The Common Bronzewing features in a number of Aboriginal Dreamtime stories, perhaps in part because this attractive pigeon is known as a reliable guide to water sources. Certainly, at our place, you can often find a pair in the vicinity of our old birdbath, which we daily fill with fresh water, especially in summer.
[AW Howitt,][1] the Australian Anthropologist, retells the story of Bronzewing’s role in the origin of death. (Interestingly, his source is attributed to the Kulin people via his daughter Mary.) Apparently, Moon, when he was a man who lived on earth, wanted to give some old Kulin a drink of water that would allow them to return to life after death. (Just as Moon himself did regularly.) Unfortunately, Bronzewing refused to allow access to the water, which made the moon very angry.

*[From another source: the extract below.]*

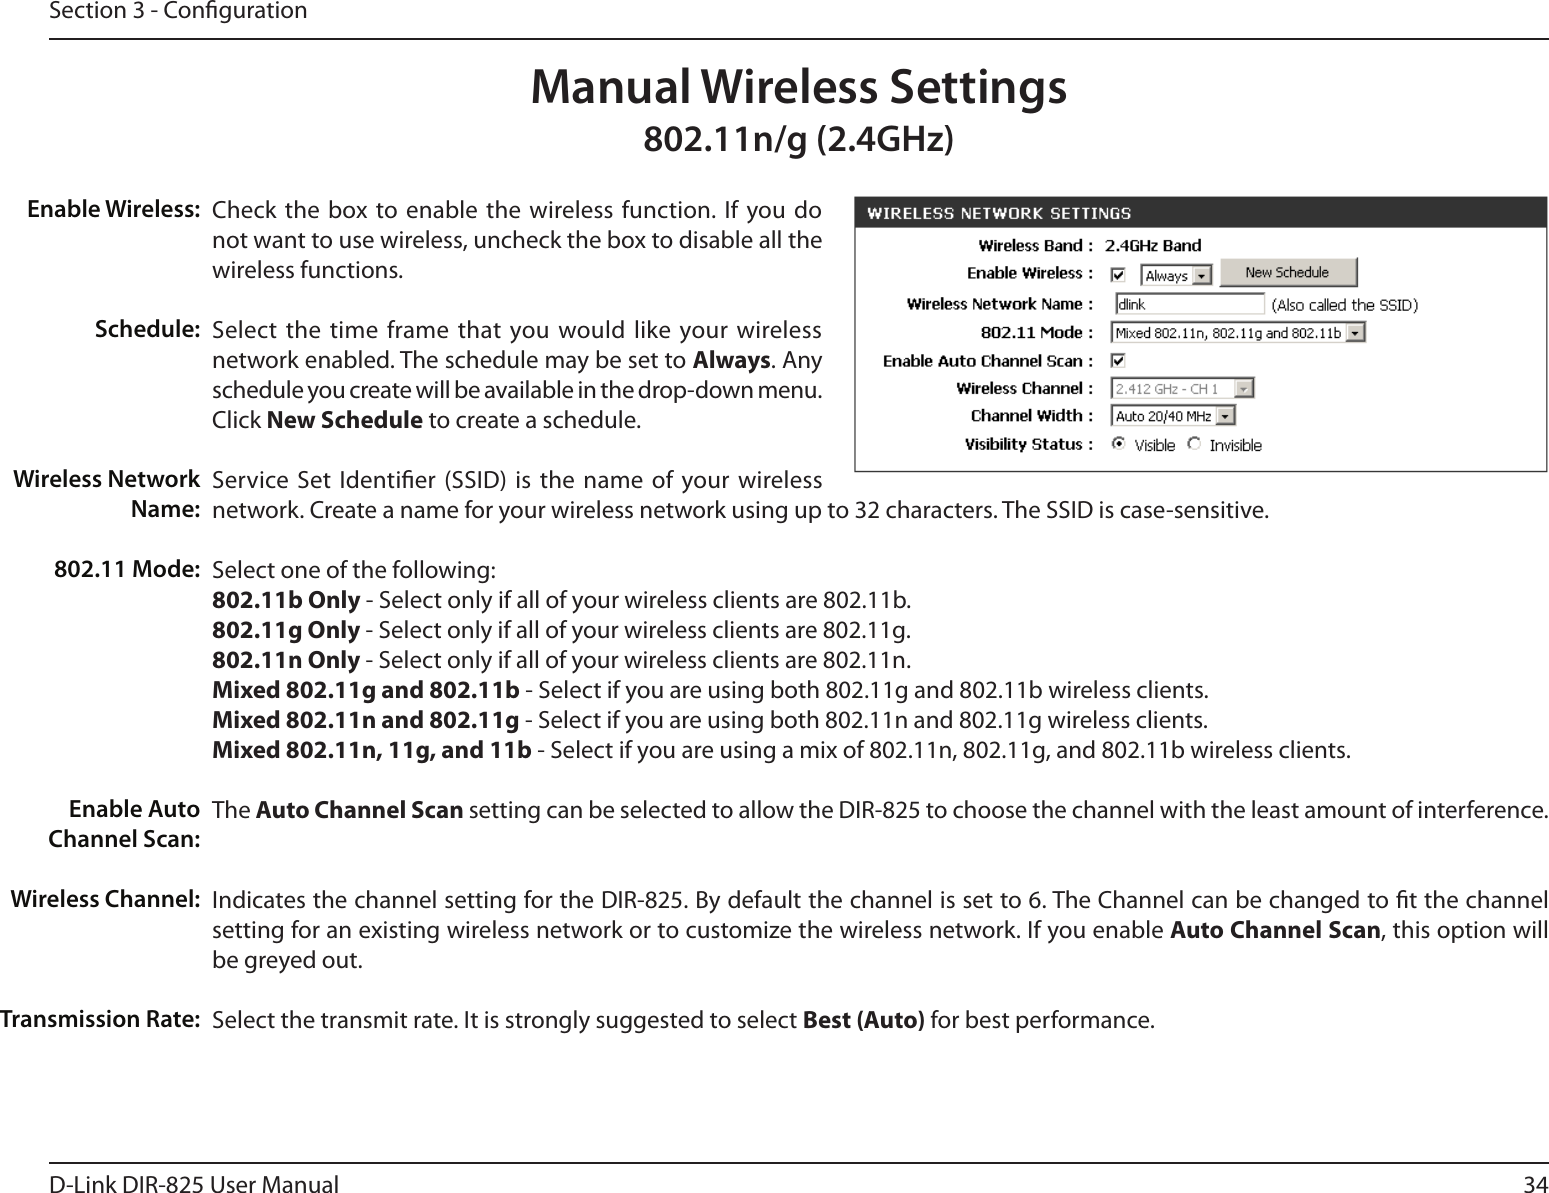 34D-Link DIR-825 User ManualSection 3 - CongurationCheck the  box to enable  the wireless  function.  If  you do not want to use wireless, uncheck the box to disable all the wireless functions.Select  the time frame that you would like  your wireless network enabled. The schedule may be set to Always. Any schedule you create will be available in the drop-down menu. Click New Schedule to create a schedule.Service Set  Identier (SSID) is the  name of  your wireless network. Create a name for your wireless network using up to 32 characters. The SSID is case-sensitive.Select one of the following:802.11b Only - Select only if all of your wireless clients are 802.11b.802.11g Only - Select only if all of your wireless clients are 802.11g.802.11n Only - Select only if all of your wireless clients are 802.11n.Mixed 802.11g and 802.11b - Select if you are using both 802.11g and 802.11b wireless clients.Mixed 802.11n and 802.11g - Select if you are using both 802.11n and 802.11g wireless clients.Mixed 802.11n, 11g, and 11b - Select if you are using a mix of 802.11n, 802.11g, and 802.11b wireless clients.The Auto Channel Scan setting can be selected to allow the DIR-825 to choose the channel with the least amount of interference.Indicates the channel setting for the DIR-825. By default the channel is set to 6. The Channel can be changed to t the channel setting for an existing wireless network or to customize the wireless network. If you enable Auto Channel Scan, this option will be greyed out.Select the transmit rate. It is strongly suggested to select Best (Auto) for best performance.Enable Wireless:Schedule:Wireless Network Name:802.11 Mode:Enable Auto Channel Scan:Wireless Channel:Transmission Rate:Manual Wireless Settings802.11n/g (2.4GHz)

That’s all Howitt tells us about this dreamtime moment, but I recently ran across a verse by the Australian bush balladeer CJ Dennis, which gives a pretty accurate account of the experience and behaviour of the Bronzewing:
They say I am a shy, wild thing,/ That seeks the wild bush glade./ Quick to be gone on whirring wing,/ Where stangers would invade;/ But well I know what all birds know:/ The voice of friend, the tread of foe;/ And deem it wise to fear the worst/ Till I have knowledge of the first./
Afar my muffled drumming sounds,/ Where tangled dogwood grows;/ But when you tread my feeding grounds/ I am alert for foes./ A flash of iridescent wing,/ And I am but a vanished thing./ Gone to be heard and seen no more,/ In spite of all your forest lore.